Bill Clinton’s Statements on Epstein Contacts and Flights
Bill Clinton denied knowing about Epstein’s criminal conduct and described his interactions as limited, while confirming points that have long fueled public suspicion. He acknowledged taking four to five flights on Epstein’s plane after leaving office, describing the travel as connected to philanthropic work and Clinton Foundation-related trips to Asia, Africa, and Europe, plus a Florida-to-New York ride. He also confirmed a 1993 White House handshake photo and referenced communications such as a birthday book letter and a note to Epstein’s mother.

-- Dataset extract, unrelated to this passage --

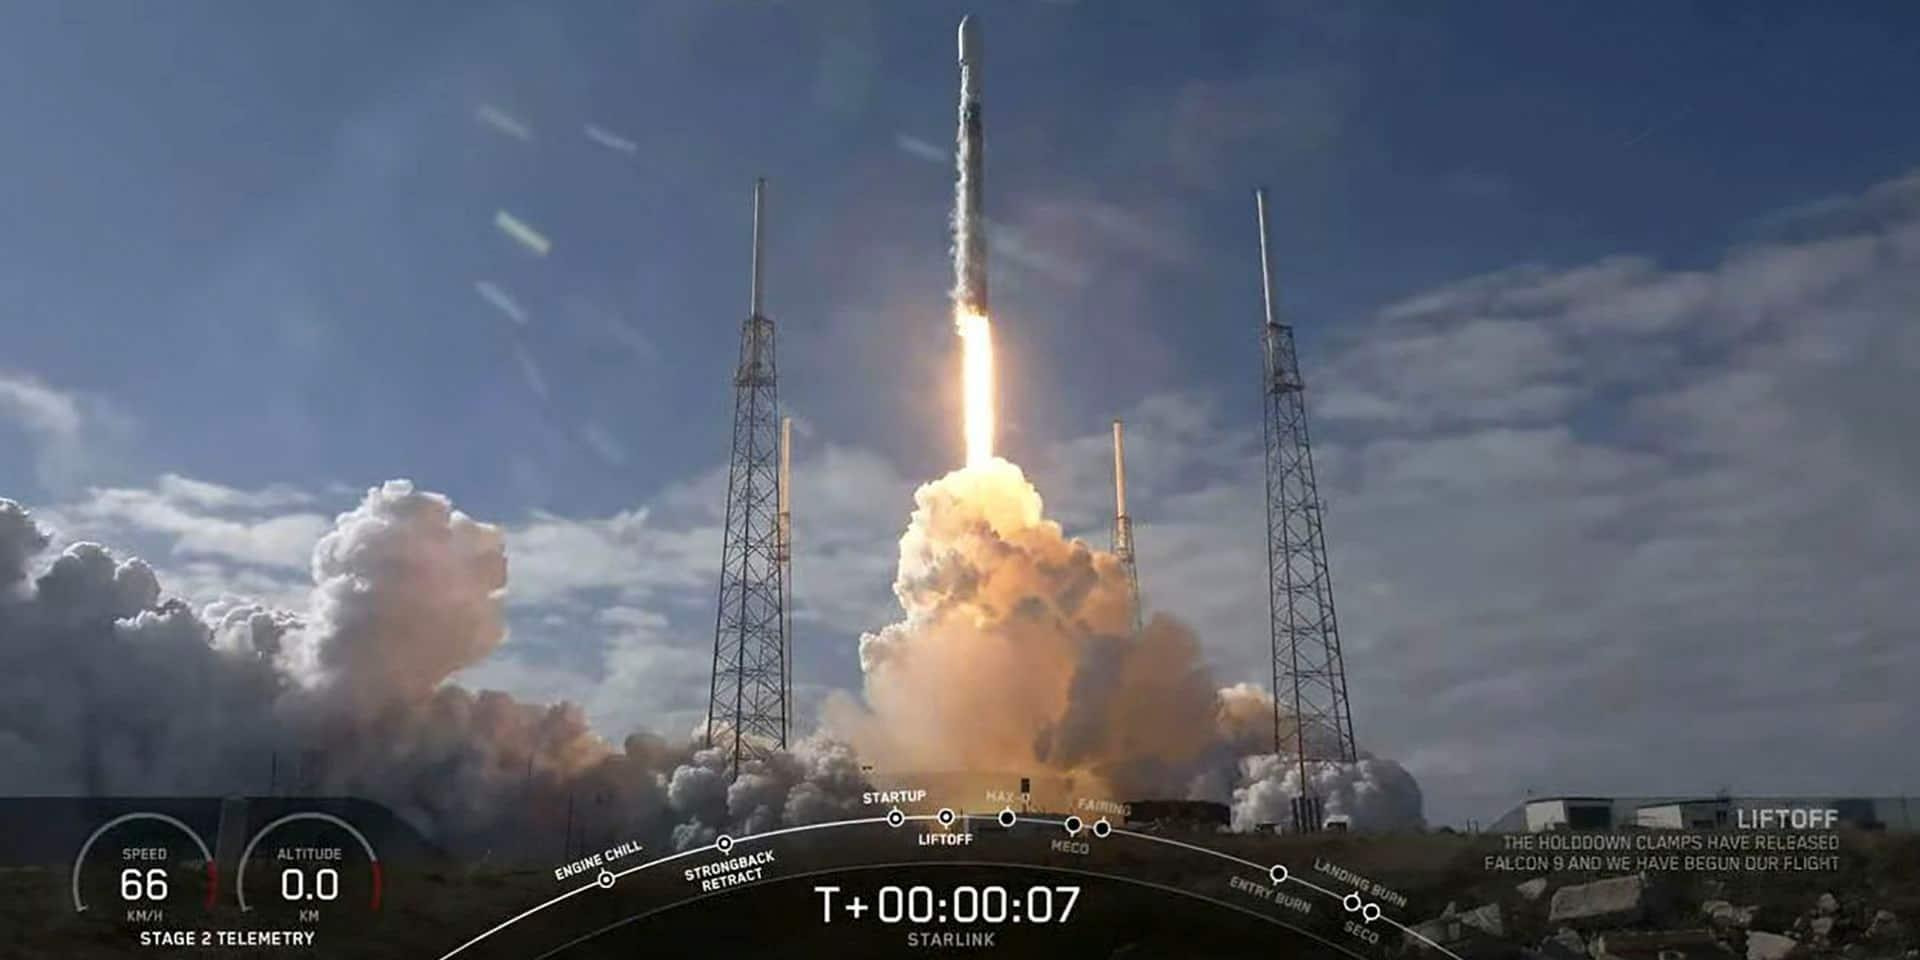 Cette image fournie par SpaceX montre une fusée Falcon 9 alors qu'elle décolle pour lancer 60 nouveaux satellites Starlink en orbite depuis la station de Cap Canaveral Air Force, en Floride, le 17 février 2020. Mais l'atterrissage a été manqué.

The committee’s released footage also captures Clinton’s attempt to narrow the scope of the controversy. He emphasized that scrutiny should focus on his travel rather than on Hillary Clinton’s more limited connections described in the deposition. Clinton also said he broke ties before Epstein’s crimes became broadly known, and he referenced the passage of time since he last saw Ghislaine Maxwell. Because the committee’s probe is ongoing and no new charges were reported in the available material, the public record here is mostly about relationships, timelines, and credibility.
Hillary Clinton’s Denials and Confrontations on Camera
Hillary Clinton testified for more than four and a half hours and repeatedly denied knowledge of Epstein’s crimes. She said she did not recall meetings with Epstein beyond his presence at a White House event, and she called her husband’s flights “unfortunate.” The video also shows her framing the Oversight investigation as partisan, arguing it functions as political theater rather than a serious accountability effort. That argument will resonate with Democrats, but it doesn’t change the underlying reality that the committee has placed her on the record.
The footage reportedly includes flashpoints that underscore how politically combustible Epstein-related oversight has become. One incident involved a leaked deposition photo attributed to Rep. Lauren Boebert, a breach of the rules that prompted a sharp reaction from Hillary Clinton. Another confrontation featured Rep. Nancy Mace pressing Clinton on Epstein-linked fundraising emails, including references connected to an event associated with Cantor Fitzgerald. The intensity matters because it reveals how quickly fact-finding can collapse into mistrust when procedures and decorum break down.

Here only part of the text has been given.